Randomly drop features with probability drop_prob.

Parameters:
  • x (torch.Tensor) – The input features.

  • drop_prob (float) – The probability of dropping a feature.

Returns:

The remaining features after random dropping.

Return type:

torch.Tensor

models.aug.mask_edge(graph, mask_prob)

Randomly mask edges with probability mask_prob.

Parameters:
  • graph (DGLGraph) – The input graph (only used to take the number of edges).
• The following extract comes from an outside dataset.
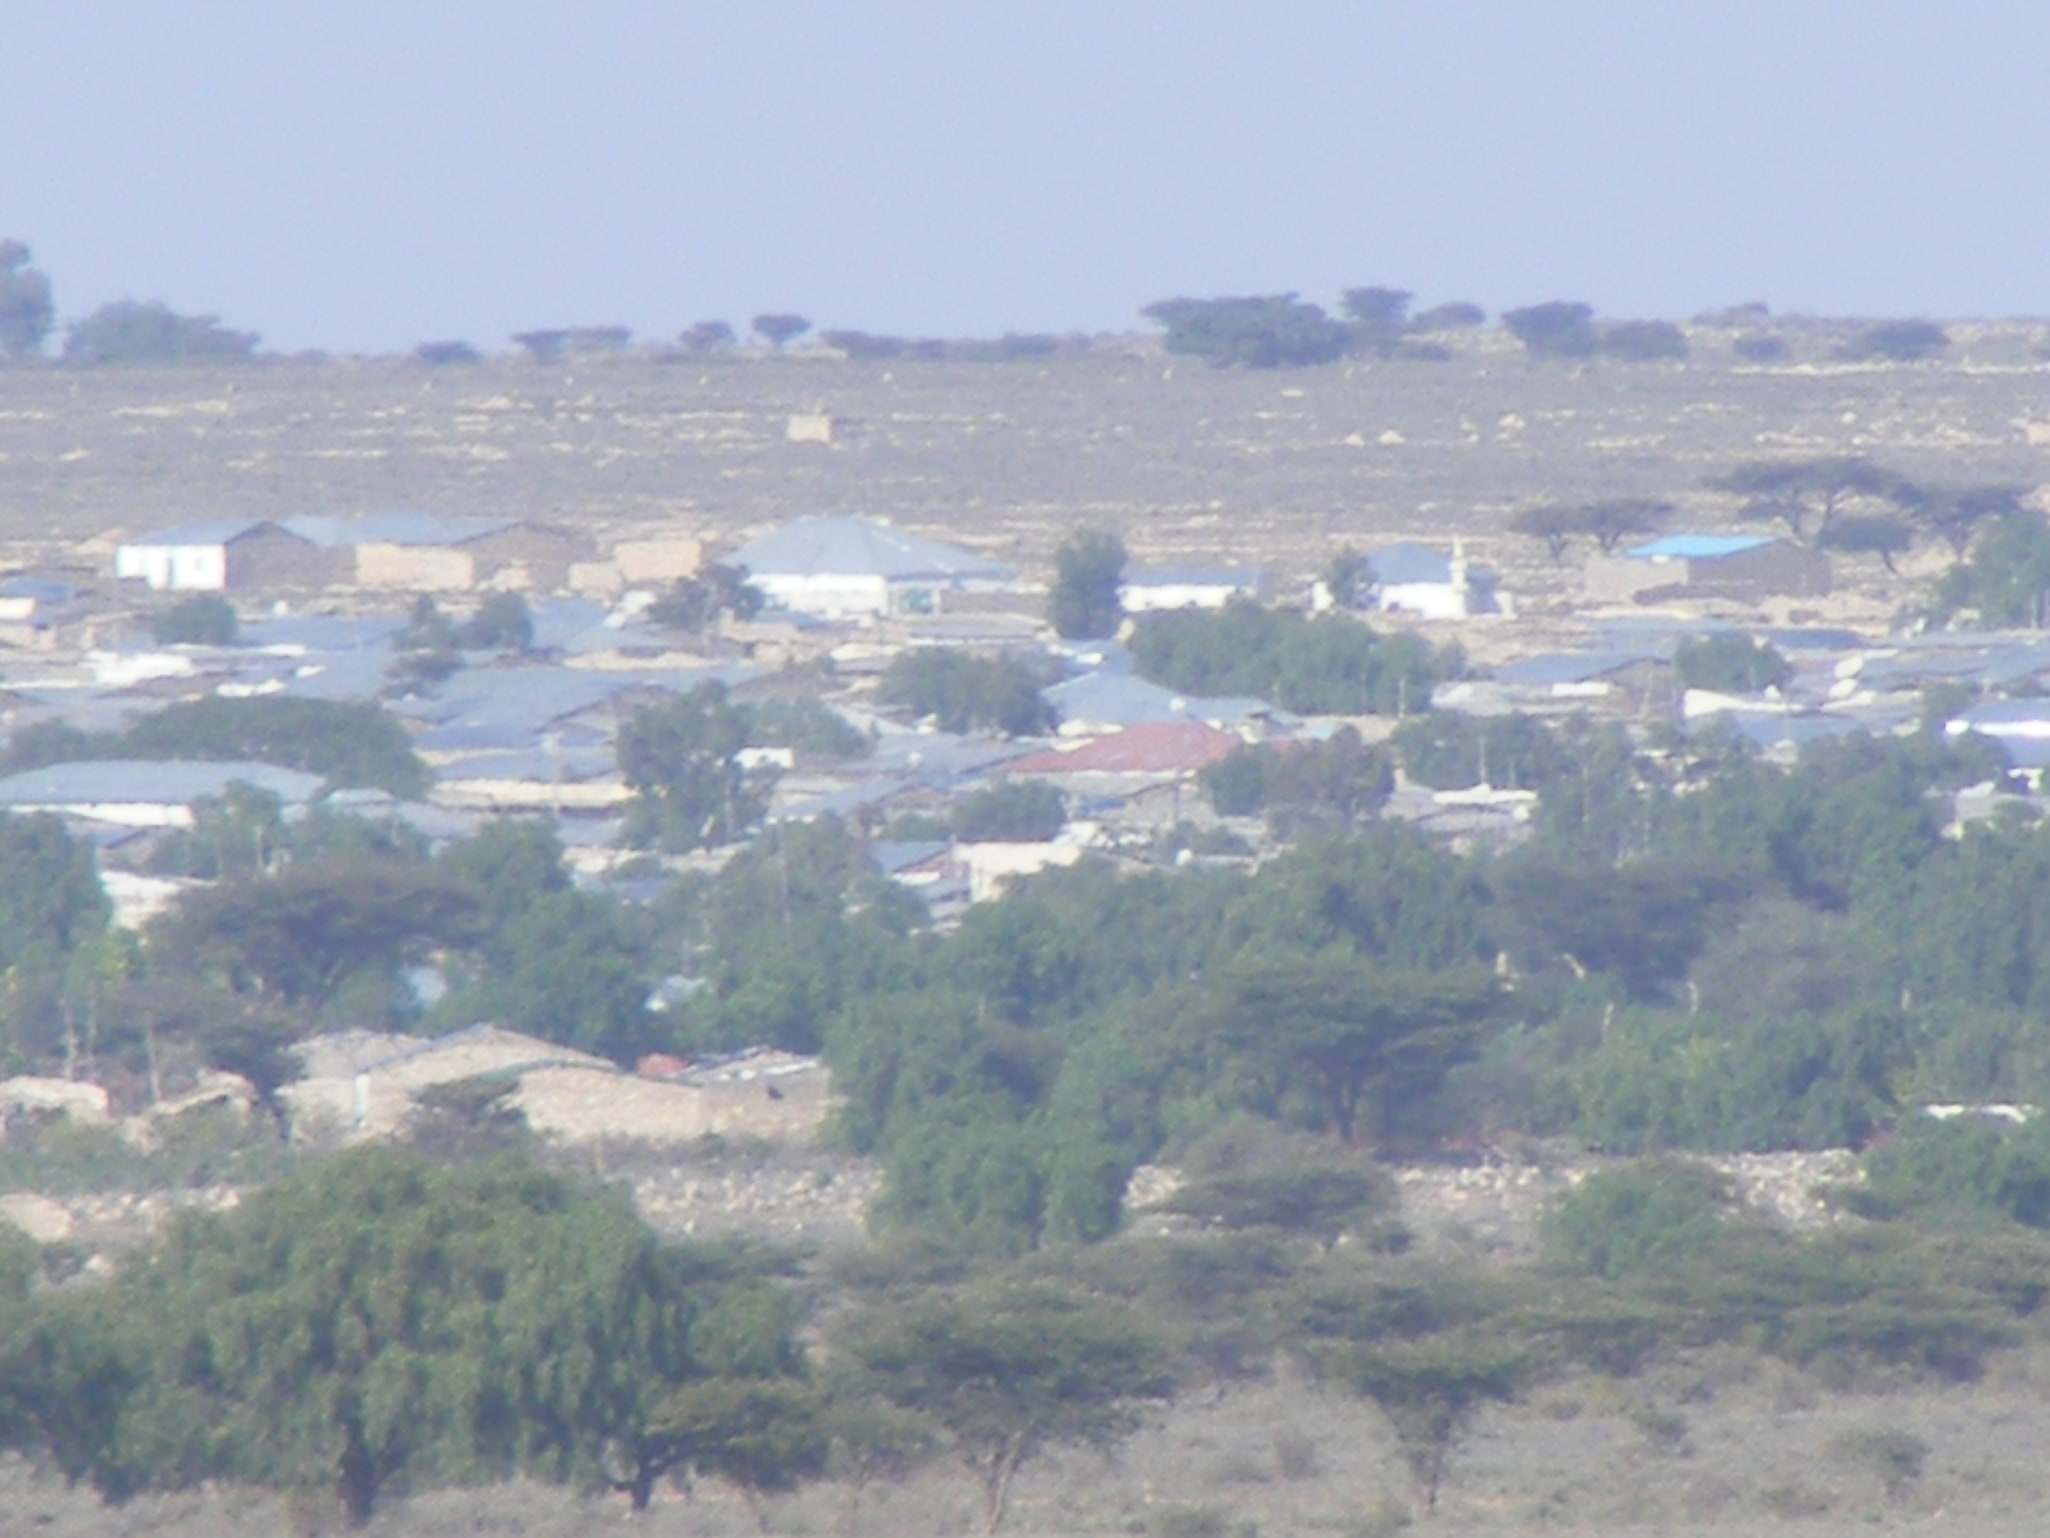 Erigavo, Somalia

  • mask_prob (float) – The probability of masking an edge.

Returns:

A 1D tensor of indices of the remaining edges after random masking.

Return type:

torch.Tensor

CAST.models.model_GCNII module

class models.model_GCNII.Args(dataname: str, gpu: int = 0, epochs: int = 1000, lr1: float = 0.001, wd1: float = 0.0, lambd: float = 0.001, n_layers: int = 9, der: float = 0.2, dfr: float = 0.2, encoder_dim: int = 256, use_encoder: bool = False)

Bases: object

A class representing the arguments for the GCNII model.

dataname: str

The name of the dataset, used to save the log file

gpu: int = 0

The GPU ID, set to zero for single-GPU nodes

epochs: int = 1000

The number of epochs for training

lr1: float = 0.001

The learning rate

wd1: float = 0.0

The weight decay

lambd: float = 0.001

The lambda in the loss function, refer to online methods

n_layers: int = 9

The number of GCNII layers. More layers mean a deeper model, larger reception field, at the cost of VRAM usage and computation time. By default, we chose the largest number of GCNII layers (n_layer = 9) as recommended by the original GCNII paper. Our experimental results on the simulation dataset and real samples S1-S8 confirm that increasing the number of layers improves the accuracy of CAST alignment, presumably due to the increased contrast and spatial resolution of learned graph embeddings in layer-shaped anatomical regions. These results confirmed that the performance gain from a deep GNN architecture is essential for high-resolution spatial alignment tasks.

der: float = 0.2

The edge dropout rate in CCA-SSG. This hyperparameter controls the extent of graph edge dropout for graph augmentation in the CCA-SSG self-supervised learning model. der = 1 means complete dropout, while der = 0 means no dropout. For CAST, we used default der = 0.5, the same as the default in the CCA-SSG paper. Our sensitivity experiments showed that alignment performance is optimal from 0.3 to 0.7. We recommended users to use the default der value unless necessary.

dfr: float = 0.2

The feature dropout rate in CCA-SSG. This hyperparameter controls the extent of feature dropout for graph augmentation in the CCA-SSG self-supervised learning model. dfr = 1 means complete dropout while dfr = 0 means no dropout. For CAST, we used a default dfr = 0.3, following the CCA-SSG paper. Our parameter sensitivity experiments showed that alignment performance is optimal from 0.1 to 0.4. We recommend users to use the default dfr value unless necessary.

device: str

Set to the GPU_ID if GPU is available and gpu is not -1, otherwise set to cpu.

encoder_dim: int = 256

The encoder dimension, ignored if use_encoder set to False The purpose of the MLP encoder is to reduce the time and space complexity of the model, especially for datasets with large gene panels. For our test set with a gene panel of 2,766 genes, results showed that encoder dimensions 256 and 512 yielded comparable and even slightly better alignment performance than the group without the MLP enocder module. Therefore, we recommend using 256 and 512 for parameter encoder_dim for the datasets with large gene panels (larger than 1,000 genes). We recommend using “No encoder” for datasets with limited gene panels (smaller than 1,000 genes).

use_encoder: bool = False

Whether or not to use an encoder

models.model_GCNII.standardize(x, eps=1e-12)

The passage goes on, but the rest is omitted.